The Op-ed columns in the Sunday Express make for disconcerting reading. This week all three stalwarts turned their guns on India's weakness in the face of ongoing economic turmoil. Here are some interesting numbers and arguments -

The Turning of the Wheel - 'Out of my Mind' - Meghnad Desai


Nehruvian Socialism: It should be said that Nehru only nationalized two firms - Imperial Bank of India, which became the State Bank, and life insurance, to create LIC. The economy grew 45% in 10 years in the fifties. It was his daughter who nationalized banks and tried to take over trade in food grains. As growth collapsed and inflation increased, she nationalized even more until Emergency had to be invoked to protest (Indira) Gandhi Socialism.

Whoever wins the next election will concede the demand for job protection and large uneconomic subsidies to sustain the protected jobs. For a spoiled middle class which enjoys $50billion of petrol subsidies, Socialism means even larger subsidies on jobs, to sustain low EMIs and for higher education in elite institutions.


TAVLEEN SINGH - Still a Land of Starving Millions

Global Hunger Index reported last week that more than 200 million Indians live in hunger and that 47% of Indian children are malnourished. Conditions in parts of Madhya Pradesh are as bad as Ethiopia and Chad and our infant mortality rate is worse than war-ravaged Eritrea. Despite our economy growing at 8% annually since 2002, three-quarters of our population lives on Rs. 25 a day.

These are sickening figures but Indian newspapers hate poverty so the report was virtually ignored here...


SUDHEENDRA KULKARNI - Importing a 'Made-in-America' crisis

$ 10.3 trillion denotes the outstanding pubic debt of the United States of America as of 17 October 2008. Just three years ago, at the end of 2005, it was $7.9 trillion, which itself was about nine times its 1980s level. The National Debt Clock at NY Times Square recently ran out of spaces.

America's gross debt amounts to 70% of the country's GDP this year.

Four-fifths of US borrowings are from foreign institutions and governments, including Government of India, which as invested in dollar-denominated debt instruments issued by the US Treasury.

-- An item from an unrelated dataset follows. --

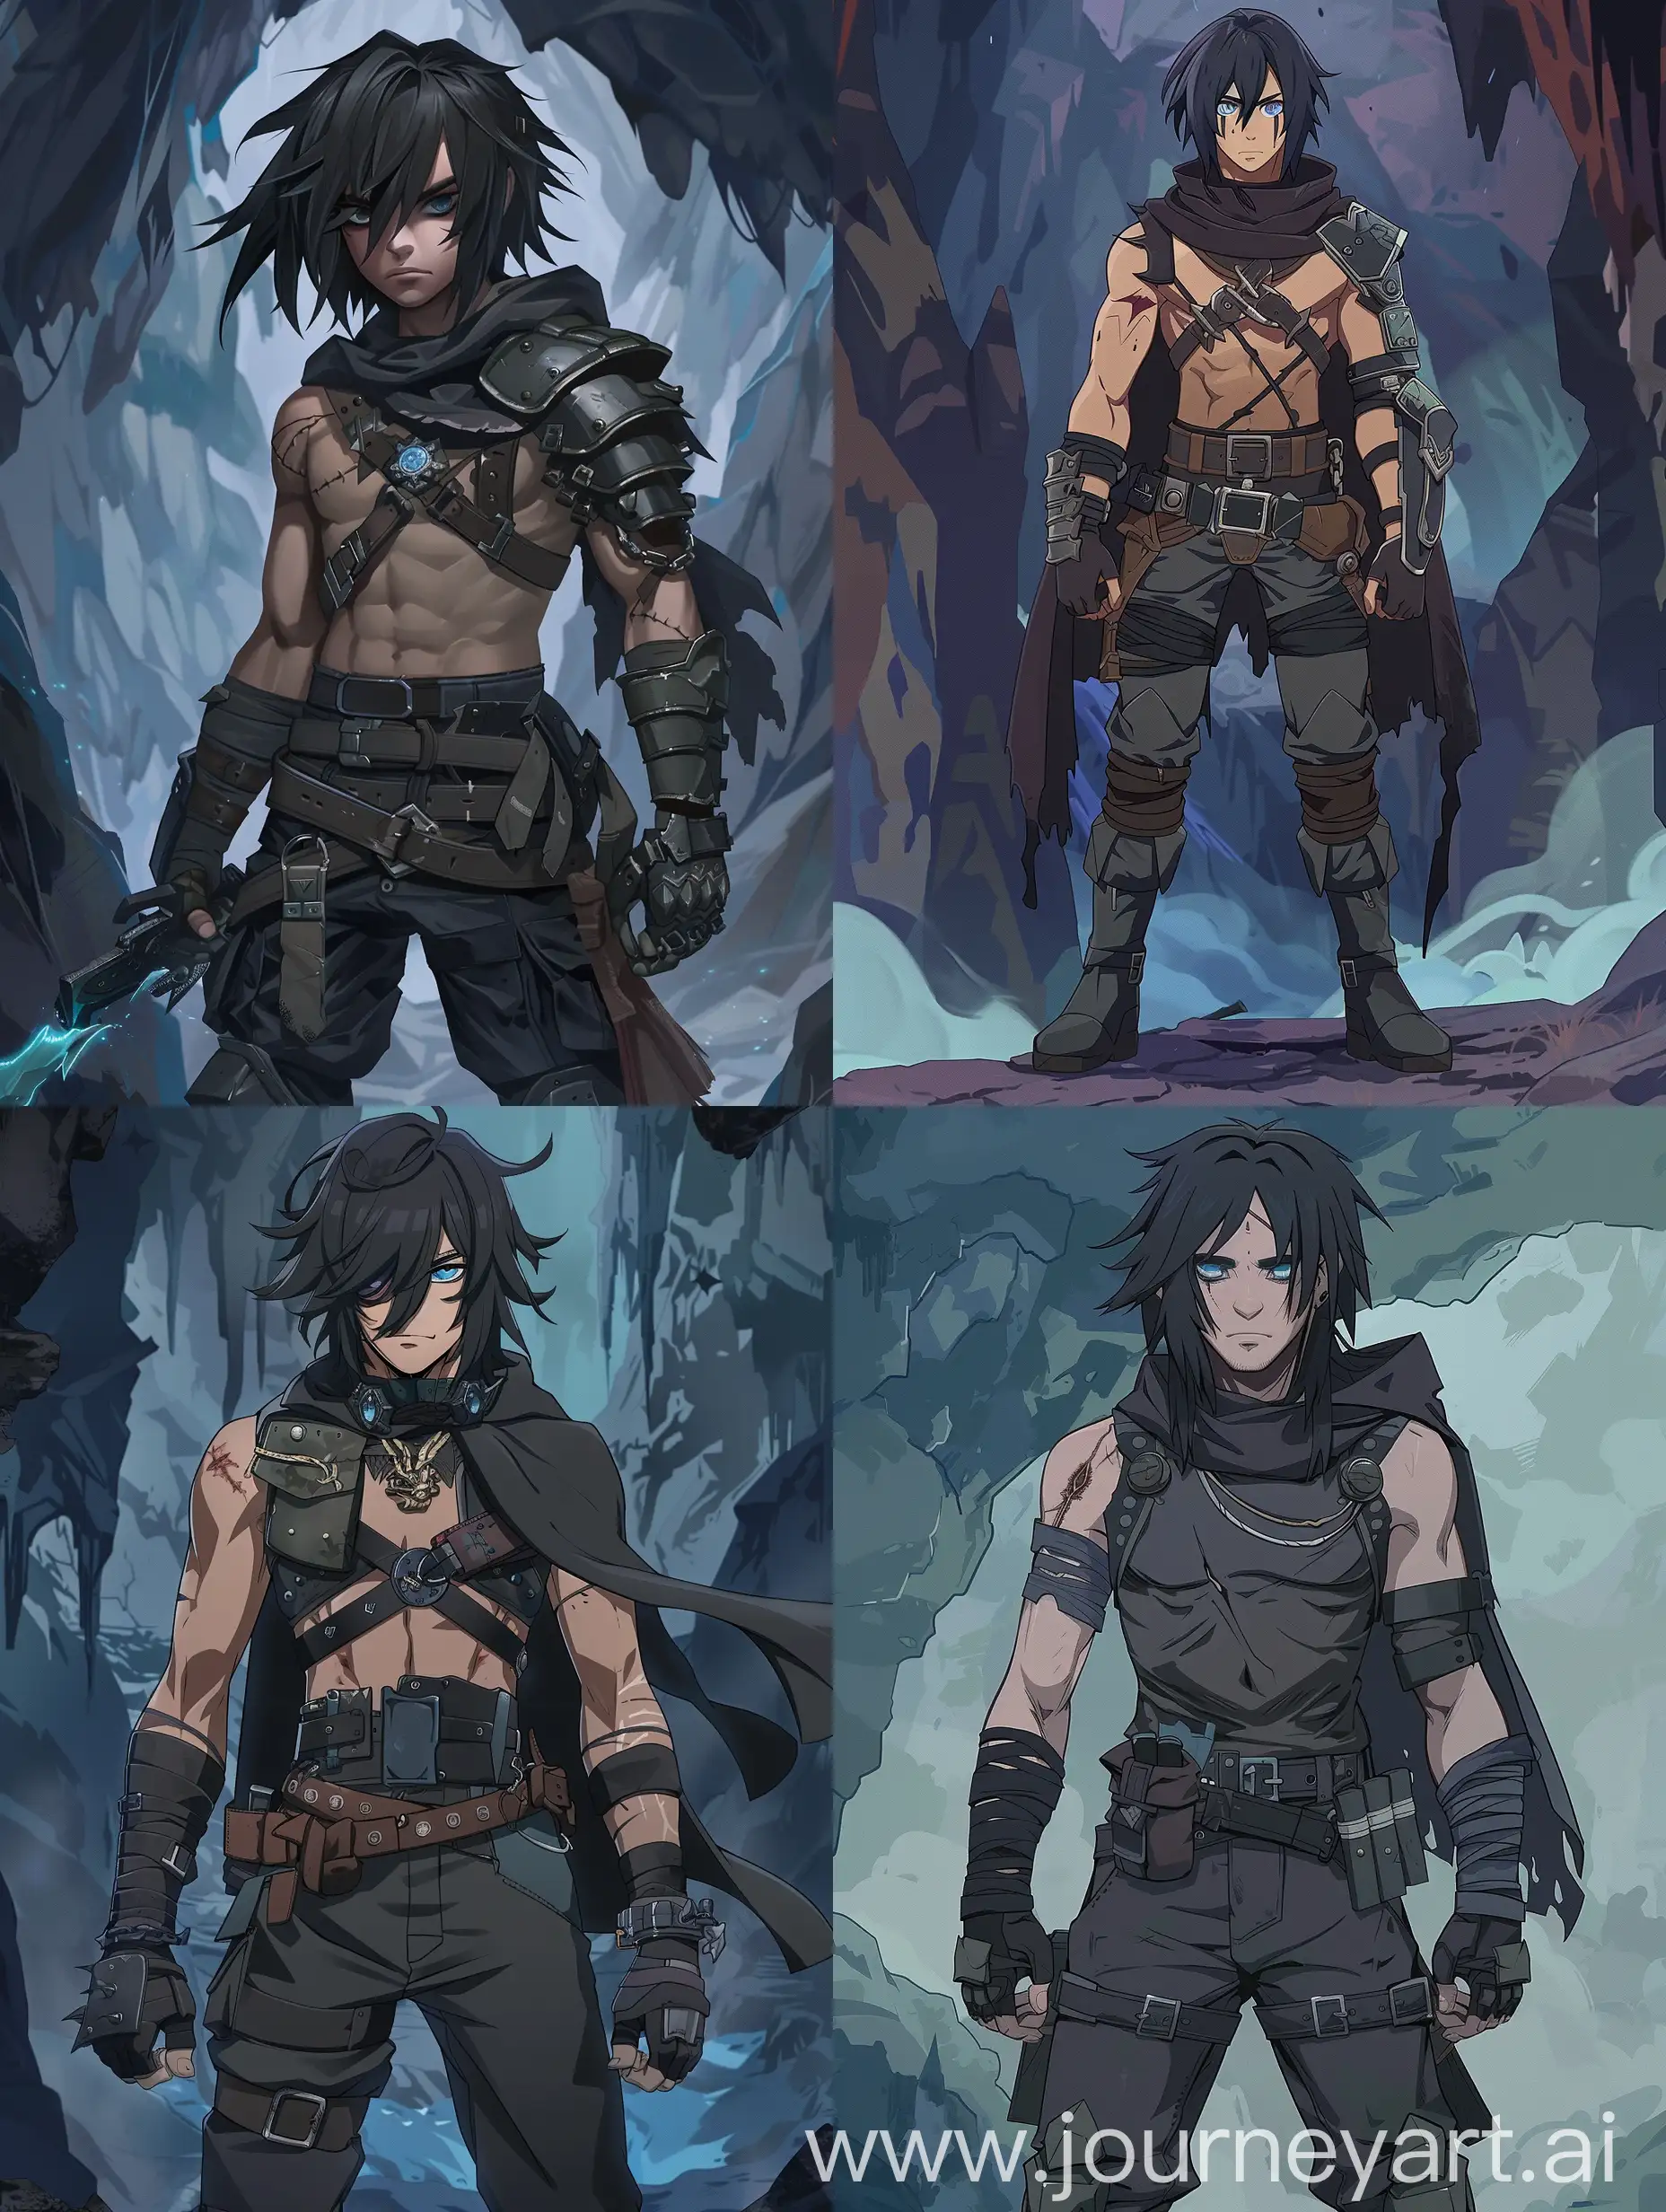 Create a 2D anime character illustration of Kaito 'The Abyssal Sentinel' Harrow, a male Cave Raider from 'Made in Abyss.' He should have a tall, muscular build with shoulder-length jet black hair and a scar over his left eye. His piercing steel blue eyes should reflect a lifetime spent in the Abyss. He wears a dark, sleeveless top with armored plates, durable fingerless gloves, and reinforced bracers. His charcoal pants are tucked into heavy-duty boots, and he has a utility belt with a sheath for his first-grade relic weapon, 'The Eclipse Reaper,' a sword with a phasing blade. Include a rugged cloak with a hood and a necklace with an Abyssal gemstone pendant. Capture his aggressive nature and seasoned explorer's aura in a dynamic and atmospheric setting that hints at the depths of the Abyss."
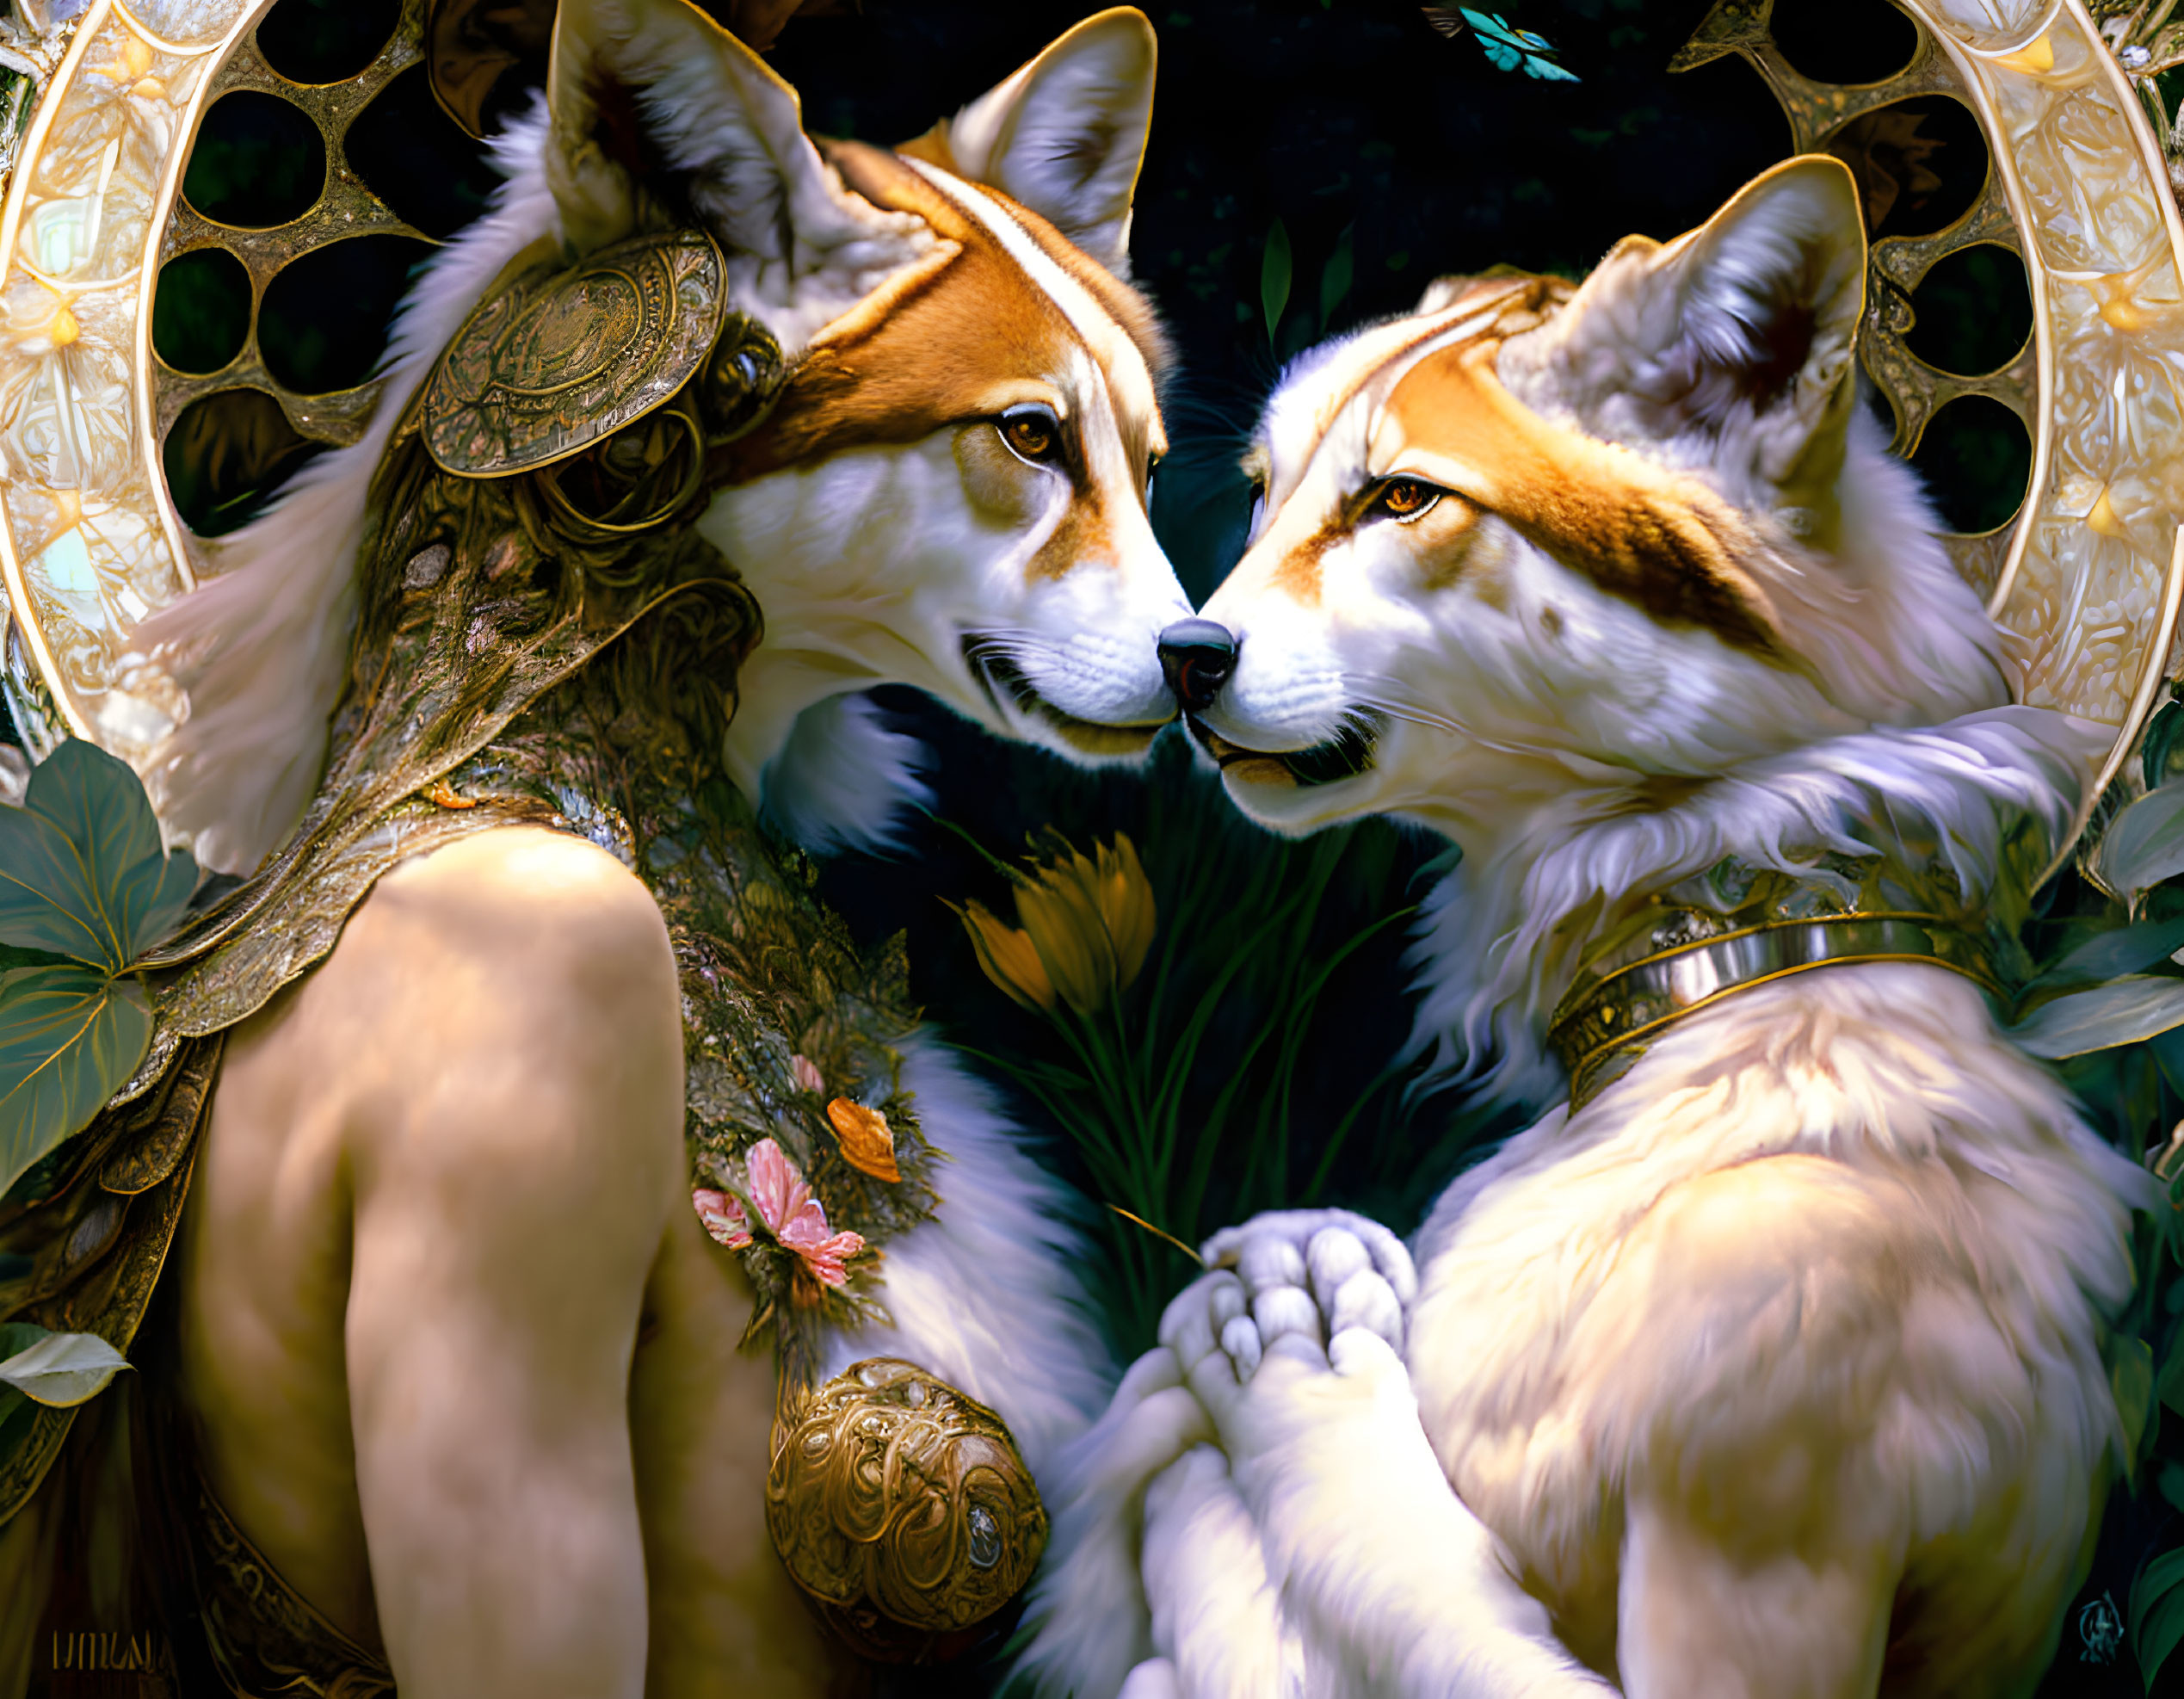 Anthropomorphic foxes in elaborate costumes with ornate gold backdrop

(US has been fighting wars in foreign lands using borrowed money)

  • In US economy interest rates are kept artificially low for a prolonged period of time, citizens were first addicted to consumerism and then the culture of 'living the good life' by borrowing.
  • Americans spend $800 billion more than they earned. An average American family owns 13 credit cards, and 40% of them have a balance.
  • US Household debt grew from $ 7 trilion in 2001 to $14 trillion in 2008.

An entire industry of financial jugglery came into being to translate greed into profits. An this non-productive industry of 'financial products', and not the real industry of making physical products became America's primary business. Manufacturing today accounts for only 12% of USA's GDP.